The US National Bureau of Economic Research has published the most extensive study to date on the use of artificial intelligence by international companies.
Economists from the US and British central banks and Stanford University surveyed 6,000 senior managers in the corporate sector across the US, UK, Germany and Australia.
The result: Even after three years of access to AI, companies report that artificial intelligence has had a negligible impact on their productivity and employment. More than four-fifths of those surveyed admitted that AI has not affected these two factors in their organisations.
Companies expect a more significant impact over the next three years. However, the outlook remains modest. Productivity is projected to rise by 1.4 per cent, production by 0.8 per cent, and employment to fall by 0.7 per cent.
Employees involved in the survey saw things differently, predicting that AI will instead increase employment by 0.5 per cent.
Debt-fuelled AI boom meets investor doubt
The leaders in the AI sector, Amazon, Alphabet, Meta, Microsoft and Oracle, plan to borrow heavily for AI investments this year, with amounts approaching, for example, the annual GDP of the Czech Republic. Yet the market is increasingly sceptical about whether such vast investments, funded by massive debt, will yield satisfactory returns.

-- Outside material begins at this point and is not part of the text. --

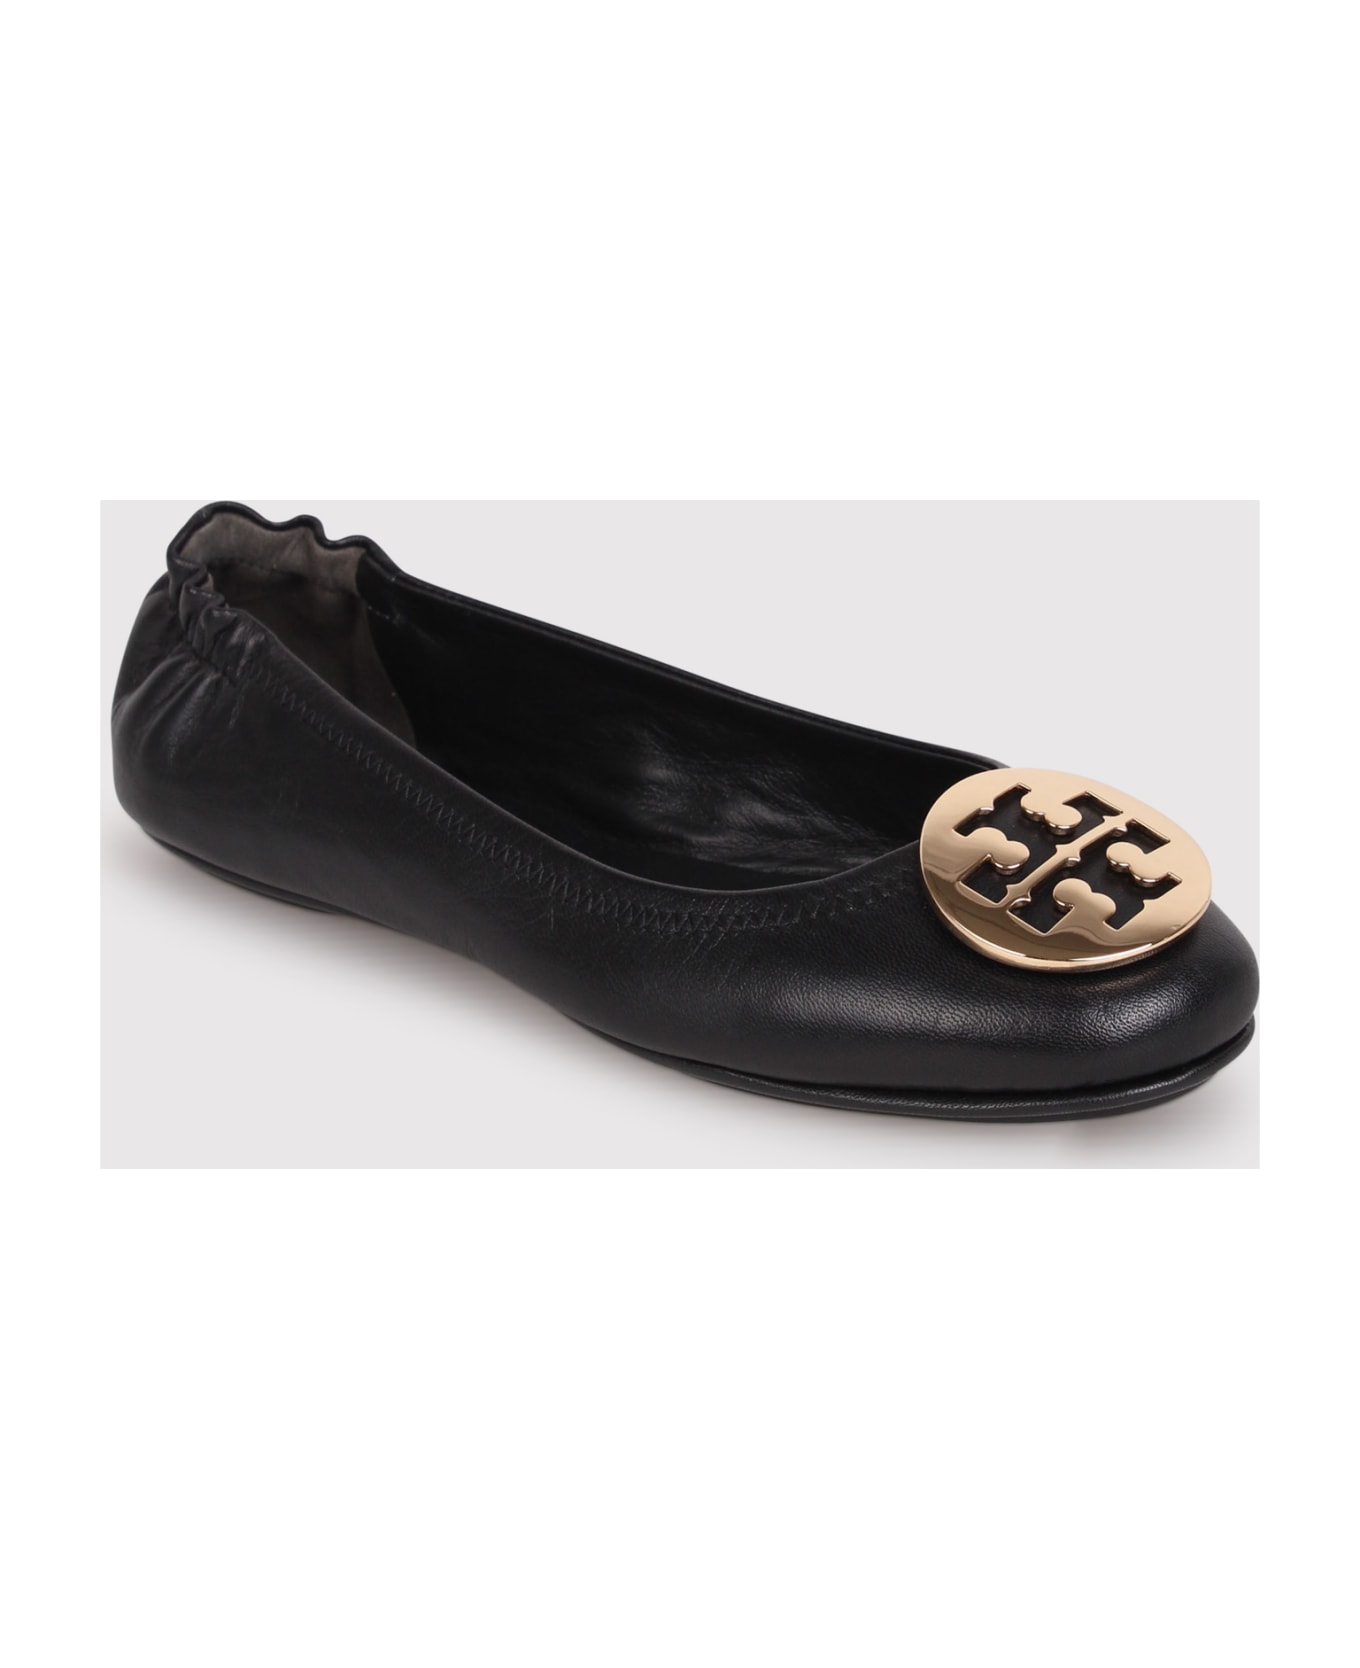 Tory Burch Minnie Ballerinas With Application

This may explain why social networks have recently been flooded with widely shared, obviously PR-driven posts presenting new versions of chatbots as revolutionary breakthroughs, even though previous versions were not. The public is being kept in suspense.
A few days ago, a dystopian report by the little-known company Citrini Research, which seeks to 'cheer on' AI in its own unusual way by predicting a gloomy impact on employment as early as 2028, succeeded in doing just that. Fear, like greed, remains a powerful market emotion.
Although without a true breakthrough or a qualitative improvement in AI capabilities, it is unlikely that we will see a significant rise in the shares of the major industry leaders or companies such as Nvidia.